→ **Given material**:
● ● ● ● ● ● ●

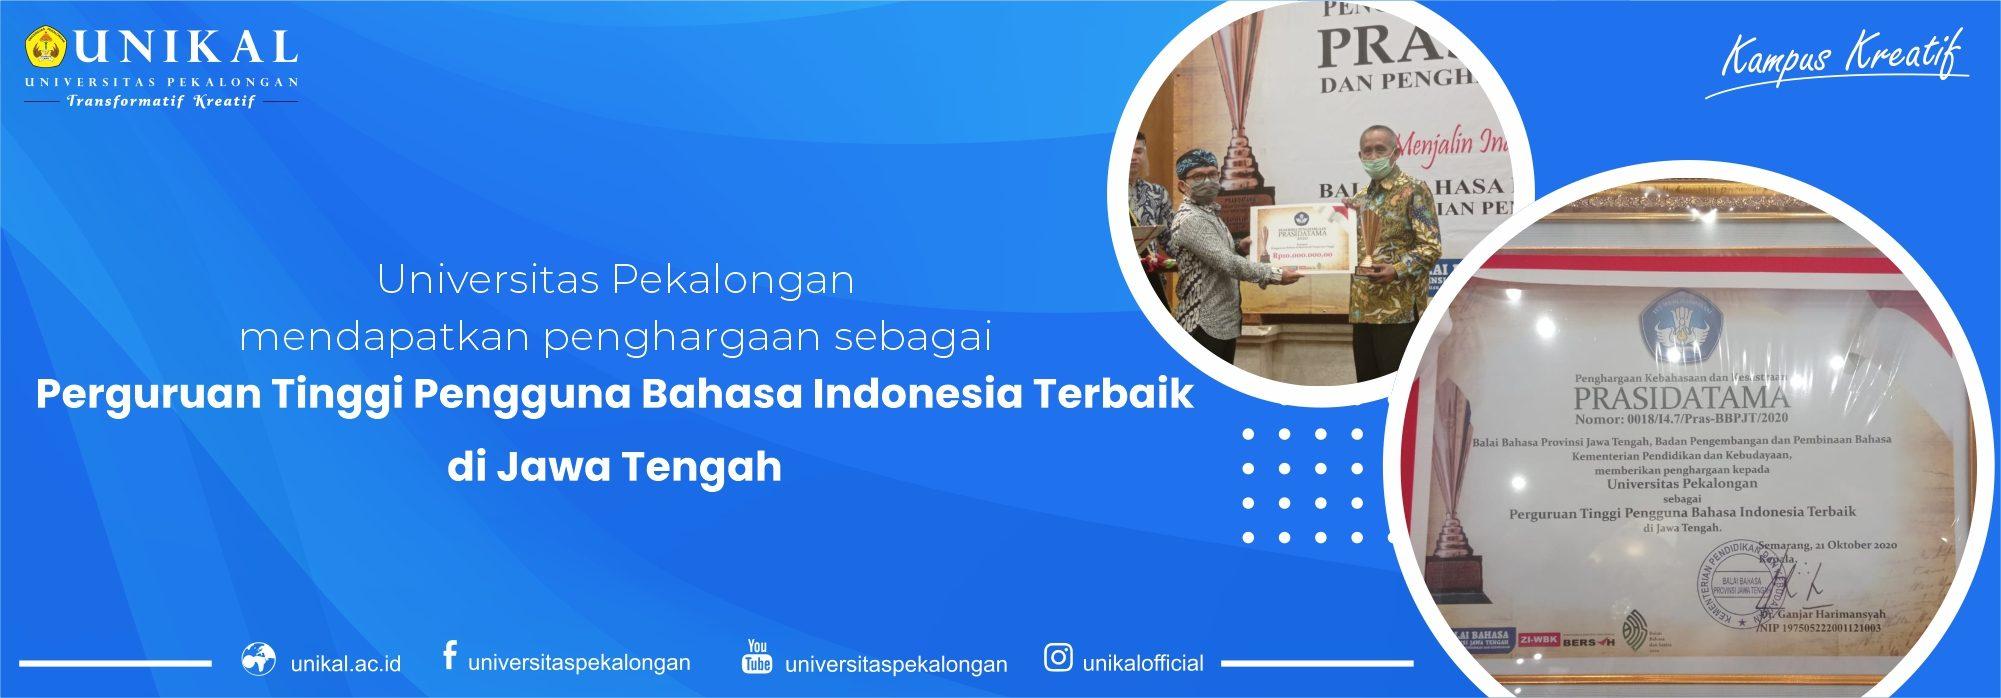 unikal sebagai perguruan tinggi pengguna bahasa indonesia terbaik
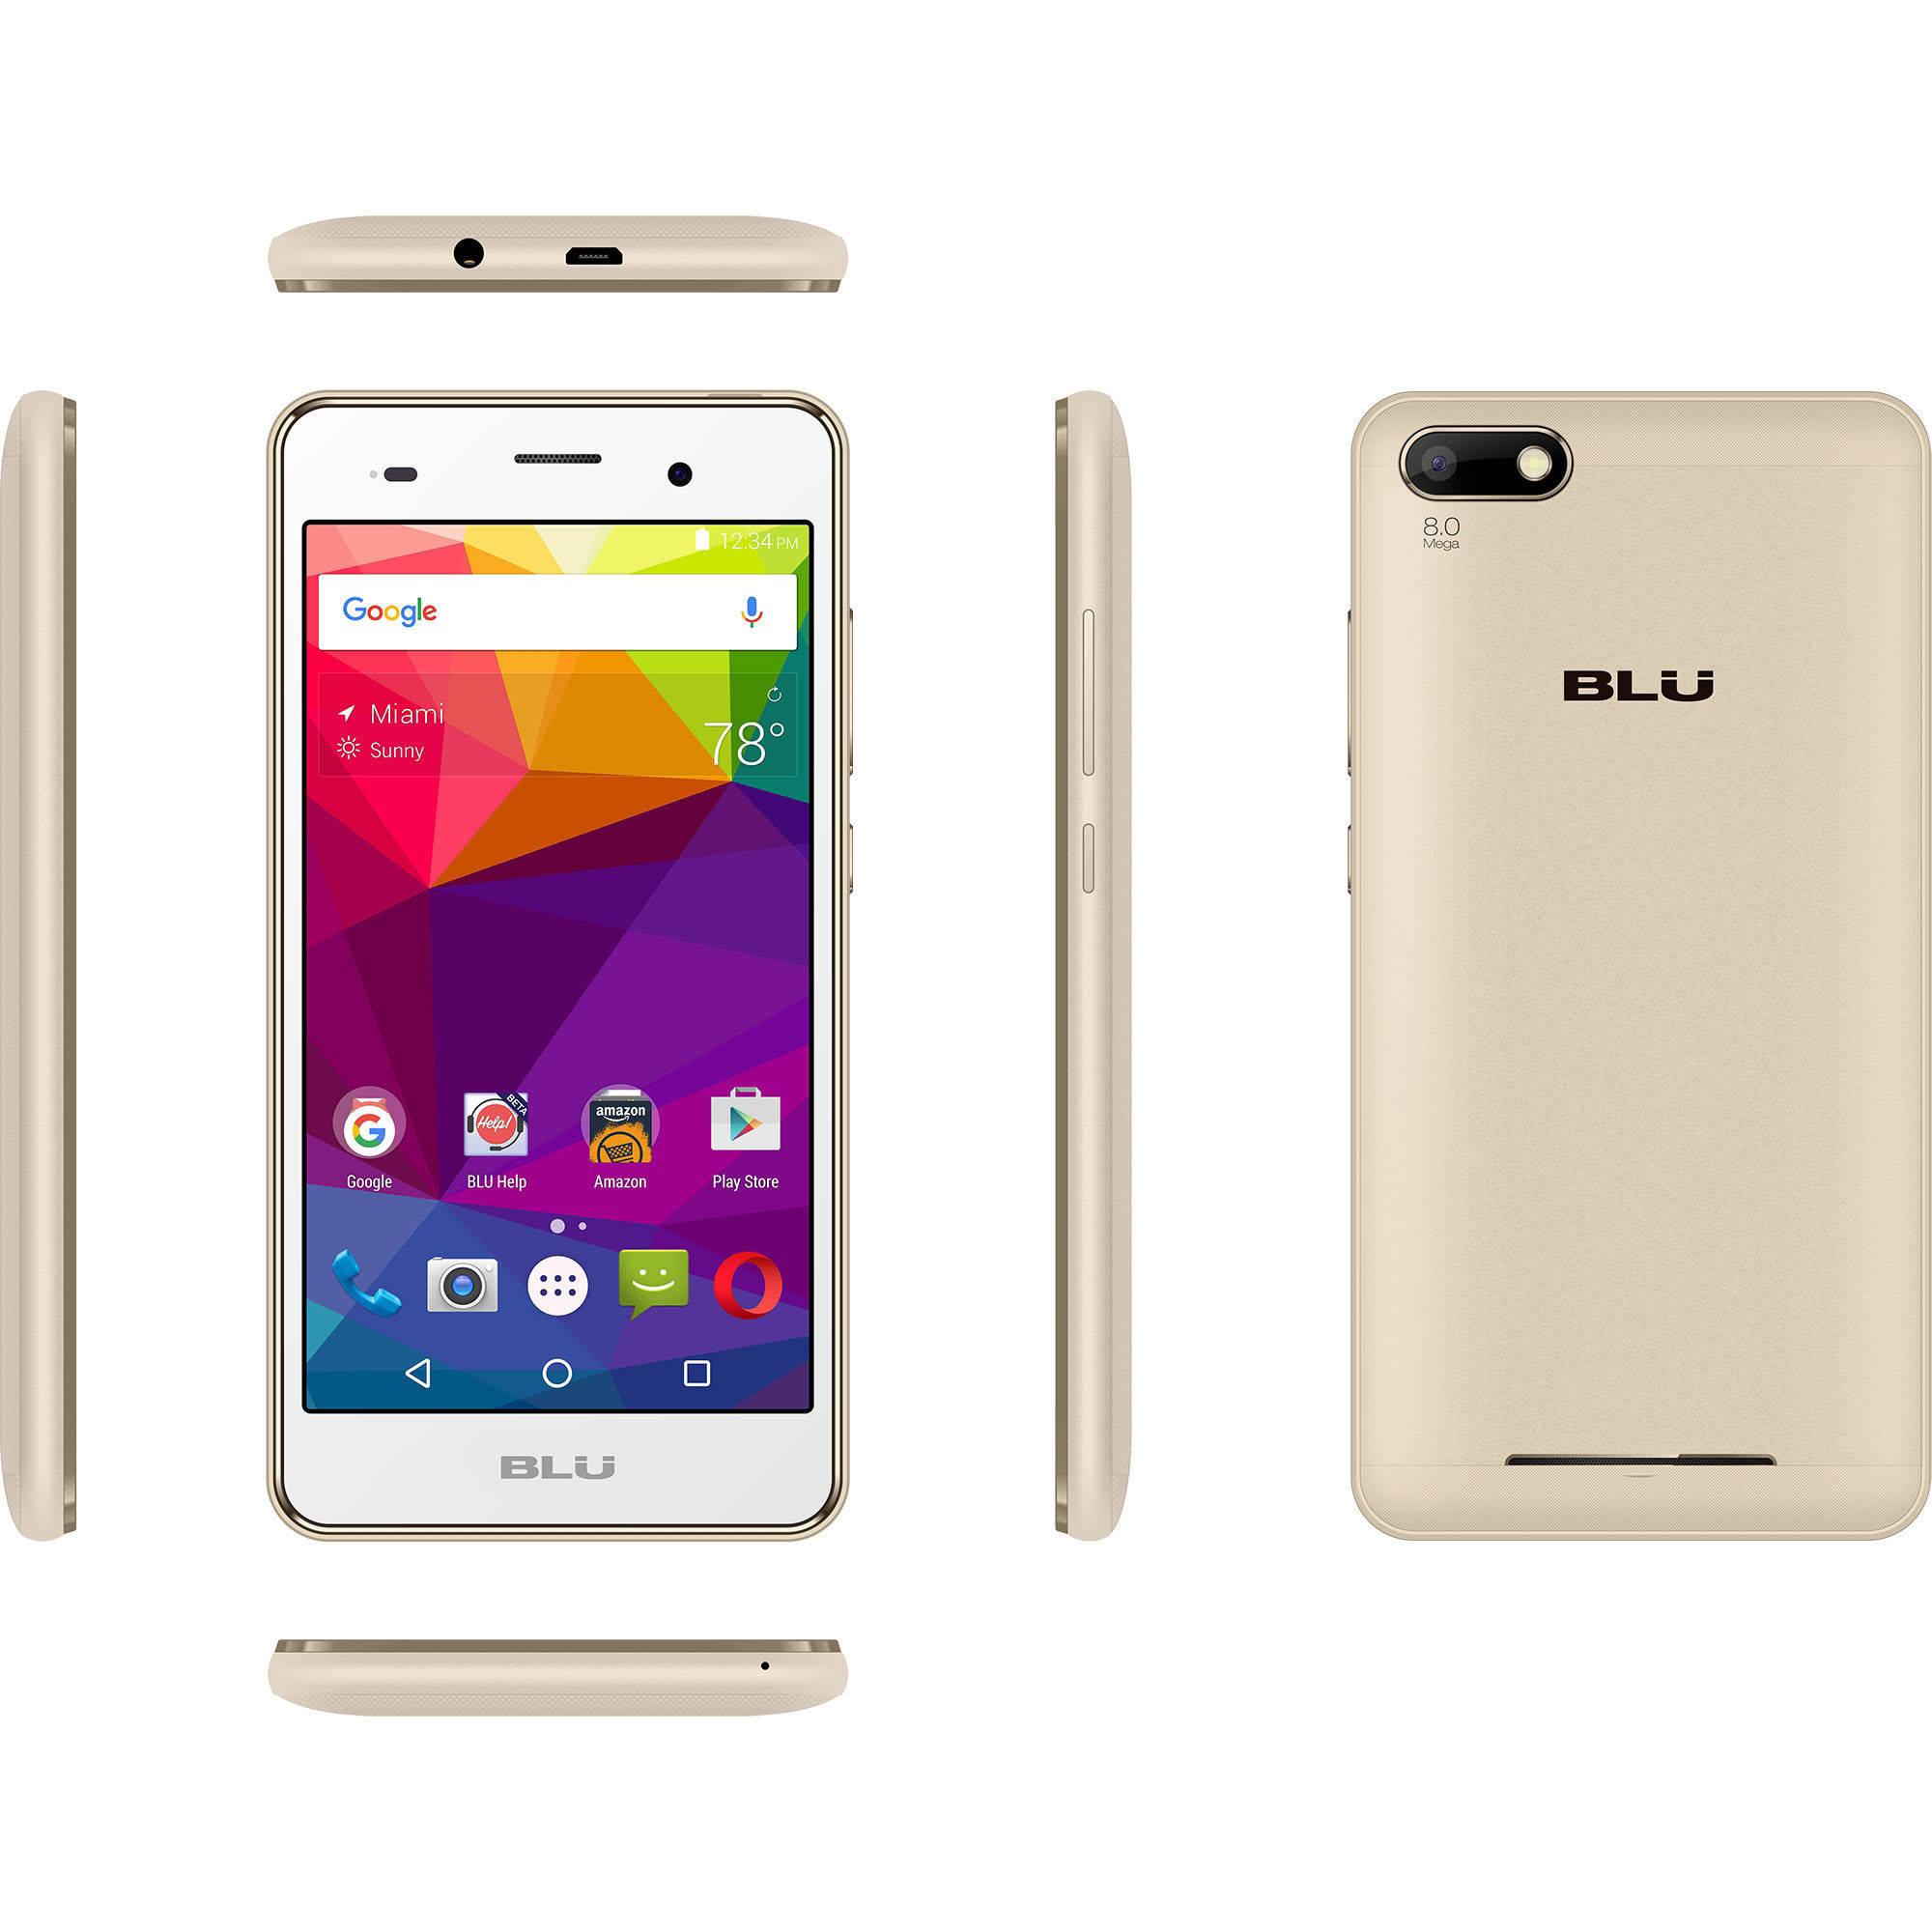 Celular BLU Dash X2 D110U GSM Smartphone (desbloqueado), oro + BLU en VeoyCompro.com.co
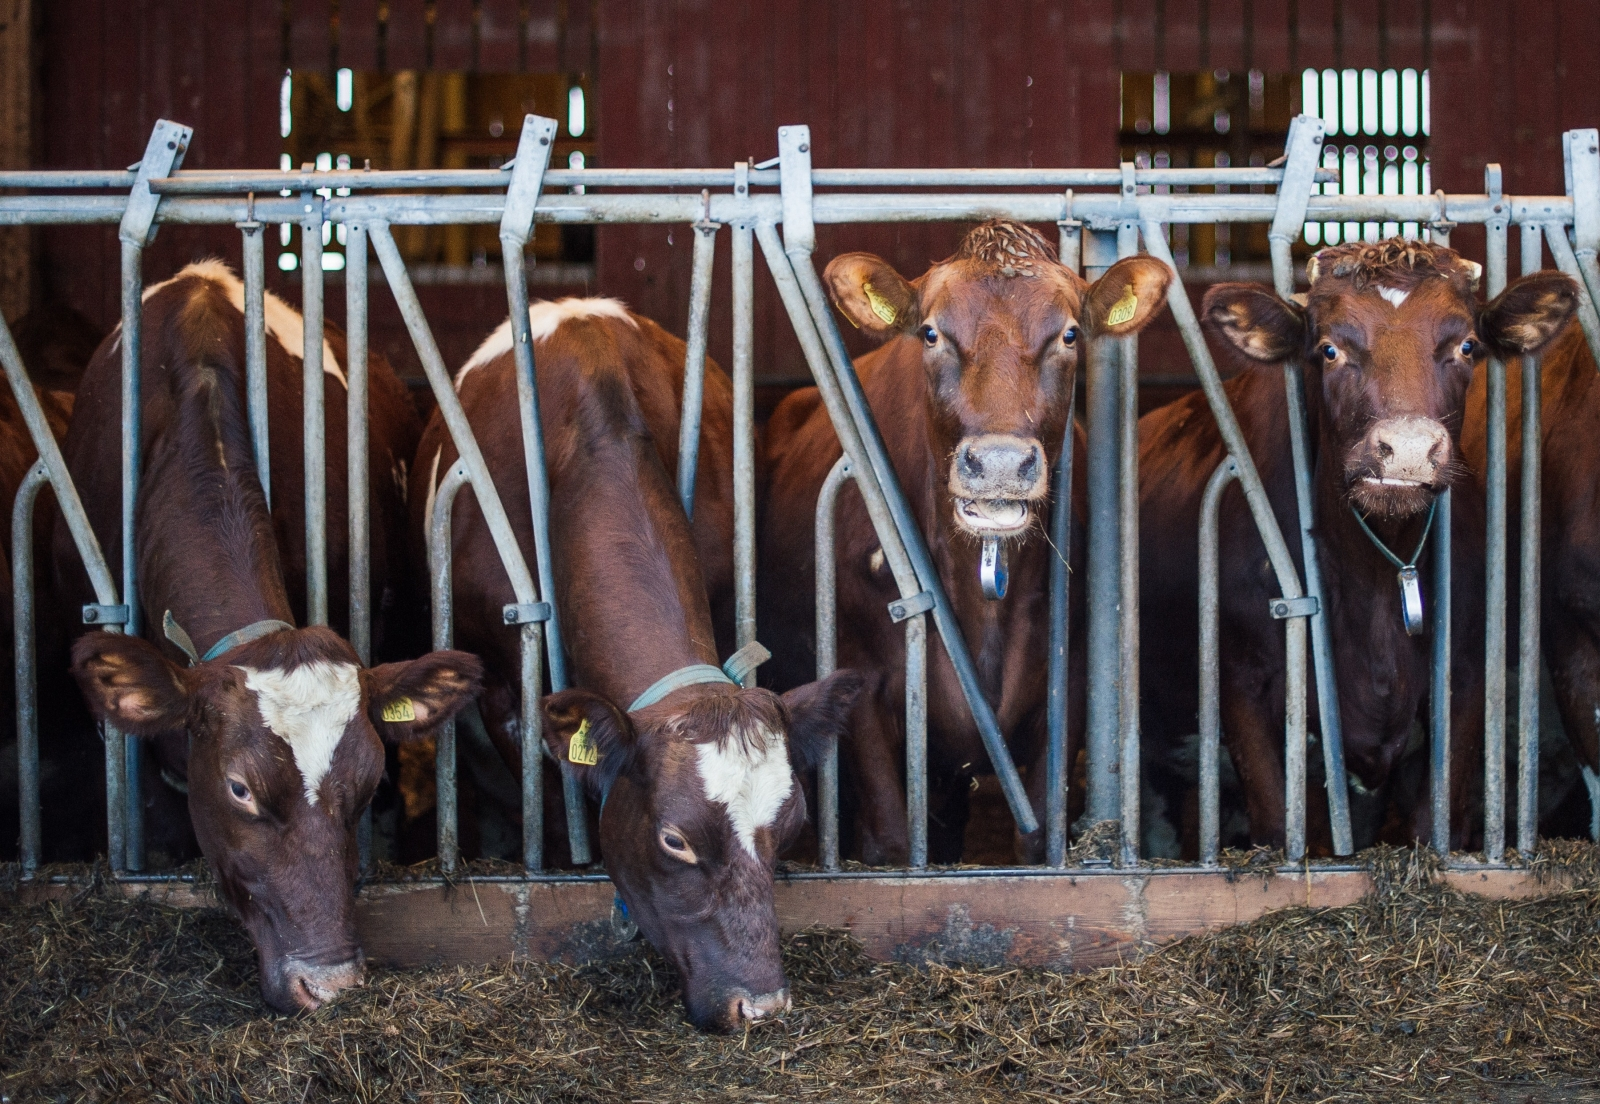 Cows feed at Swedish dairy farm

● ● ● ● ● ● ●

→ **Work to be completed**: Copy out the material word for word, without any images.

→ **Problem solution**:
 unikal sebagai perguruan tinggi pengguna bahasa indonesia terbaik
 Celular BLU Dash X2 D110U GSM Smartphone (desbloqueado), oro + BLU en VeoyCompro.com.co
 Cows feed at Swedish dairy farm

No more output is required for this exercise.